The study enrolled 76 patients with pathologically-confirmed ES-SCLC who had undergone an 18FDG-PET/CT scan within 30 days from the start of first-line treatment. Participants (n=10) with limited disease (LS-SCLC) at diagnosis were included if relapse occurred ≥90 days after the end of treatment with radical intent. Total MTV and total TLG were calculated by summing every single lesion’s MTV and TLG respectively.

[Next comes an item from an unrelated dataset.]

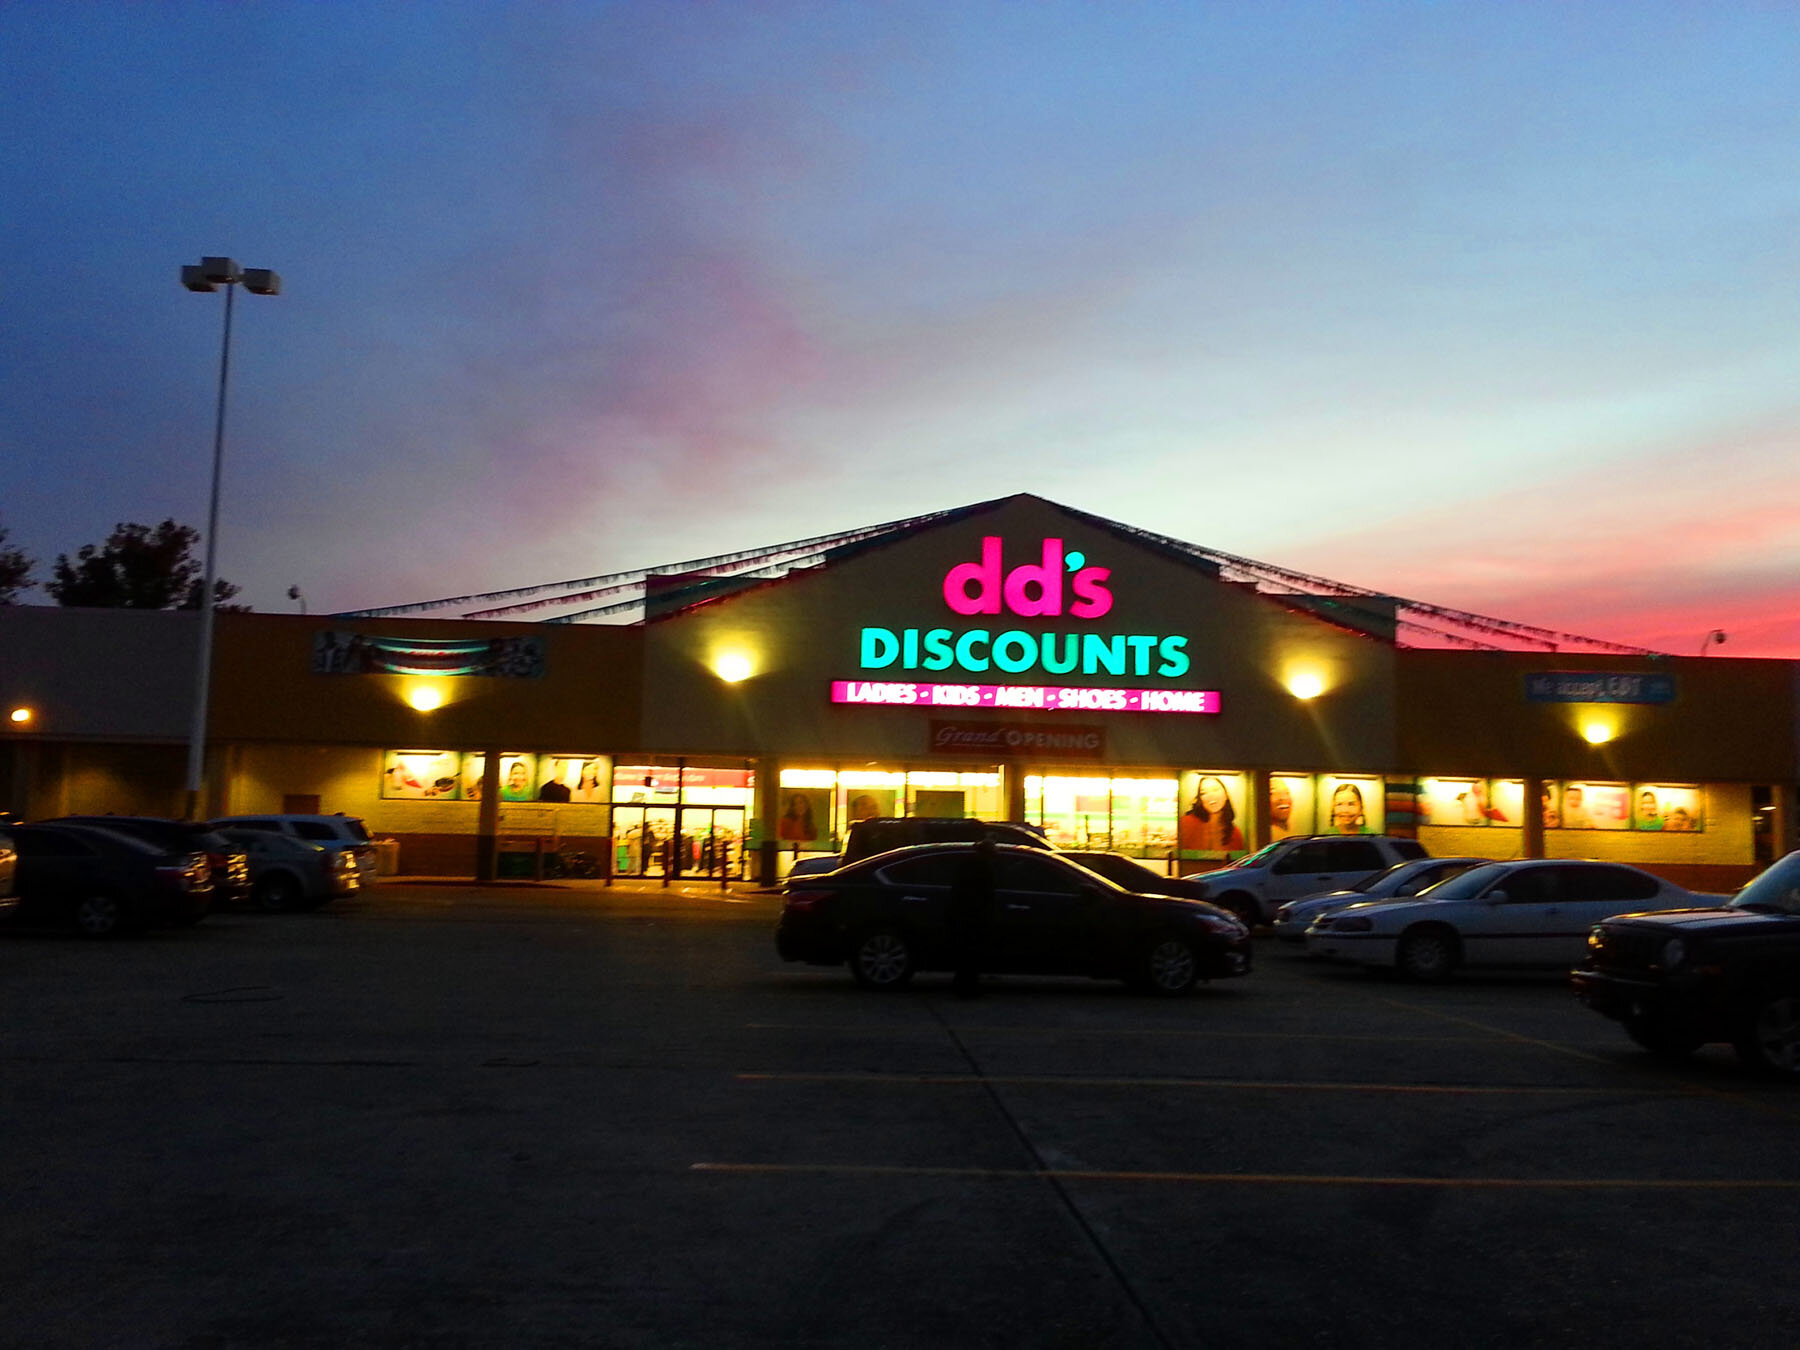 dds DISCOUNTS Channel Letters
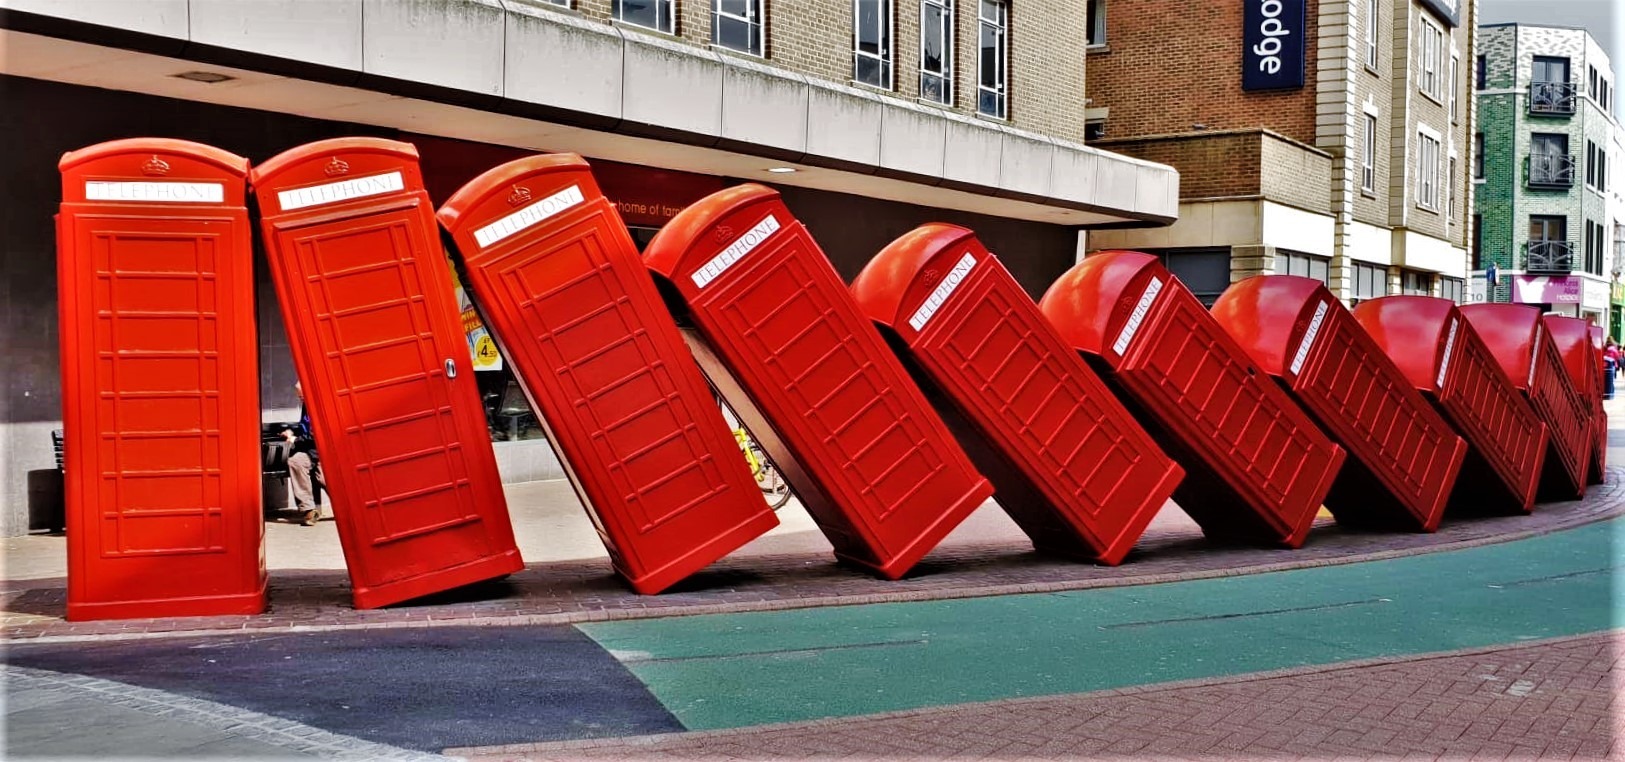 “Out of Order” telephone box artwork refurbished in Kingston

At a median follow-up of 20.9 months, median PFS was 6.2 months and median OS was 11.1 months. After correcting for potential confounding factors, total MTV was independently associated with PFS (HR 1.003; P=0.034) and OS (HR 1.003; P<0.001). Receiver operating characteristic (ROC) curve analysis calculated a total MTV of 245.7 cm3 to be the best cut-off to predict survival status at 6 months (AUC 0.722; sensitivity 57.7%; specificity 83.3%). Based on this cut-off, patients with low total MTV had a longer median PFS (7.1 vs 4.7 months) and longer median OS (11.9 v 4.8 months) compared with those with high total MTV. Total MTV above the cut-off was independently associated with the risk of death (P<0.001) but not with the risk of progression. Primary tumour standardised uptake value (SUVmax) was independently associated with PFS (HR 1.04; P<0.001). In addition, hyponatremia (<135 mEq/L), hypoalbuminemia (<35 g/L), and elevated LDH levels (≥250 UI/L) were all associated with a greater number of lesions, greater total MTV, and higher total TLG.

“Our preliminary data showed that total MTV, but not total TLG, provided prognostic information in EC-SCLC patients, suggesting a potential role as a stratification factor in patient candidates for first-line treatment as well as in clinical trials,” concluded Dr Andrini.

  1. Andrini E, et al. Total metabolic tumor volume: A new potential prognostic factor in SCLC. Abstract 149P. ELCC 2022 Virtual Meeting, 30 March–02 April.